20. ....."The question therefore is, quo animo the rent was received, and what the real intention of both parties was?"

.....The decision in Kai Khurshroo Vs. Bai Jerbai, (1949) FCR 262 = (1949) FLJ 168 = AIR 1949 FC 124, turned upon the peculiar facts of that case and there was a difference of opinion, Patanjali Sastri, J., as he then was, taking a different view. There, after notice to quit, defendants 2 and 3 who claimed to be sub- tenants insisted upon continuing in possession and paid the rent month after month. The majority took the view that the landlord had obvious motive in receiving the payments of rent after a particular period i.e. the appointment of a receiver of the property of the mortgagor at the instance of his mortgagee. Having regard to the uniform view taken in all the decisions, both Indian and English, I am not inclined to interpret this decision of the Federal Court as an authority for the position that the payments and receipt of rent as such in every circumstance would amount to waiver, whatever may be the circumstances of the case and the intention of the lessor."

In this connection, the decision of Court in the case of Lal Chandra Vs. Vice Chancellor, Allahabad H.C., 2002 (47) ALR 352 being relevant is quoted below:

"16. In the light of these decisions I, therefore, find that mere acceptance of rent after the period of termination of the tenancy does not amount to waiver of notice to quit.
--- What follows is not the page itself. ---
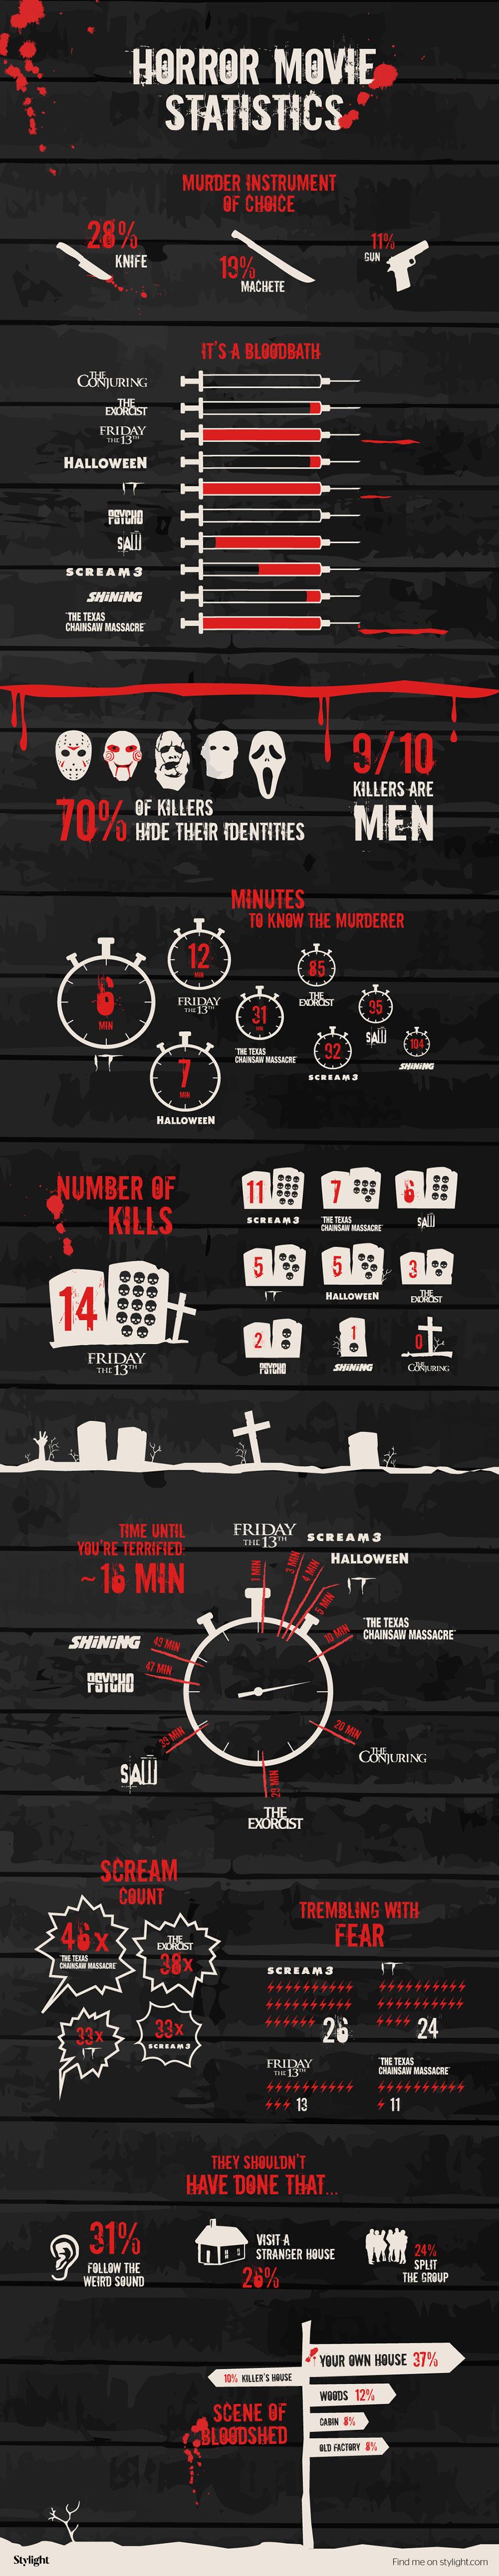 horror-movie-statistics-infographic-long

There must be some intention of waiver. In the present case, the opposite party actively prosecuted the suit for ejectment filed by him. Therefore, it cannot be accepted that the notice has been waived. I, accordingly find that the trial court has rightly held that the notice to quit has not been waived and, therefore, the revisionists are liable to ejectment."

The court below has totally overlooked the fundamental aspect of the matter and thereby fell into a grave error in dismissing the suit in question.

In view of what has been discussed herein above, this revision deserves to be allowed and is hereby allowed. The judgment and order dated 31.3.2012 passed by the Additional District Judge, Court No. 5, Varanasi in SCC No. 55 of 2010, Kunwar Bahadur Singh Vs. UP State Agro Industries Corporation Ltd. and another is set aside and the matter is remanded to the concerned court below to pass afresh order in the light of the observations made hereinabove.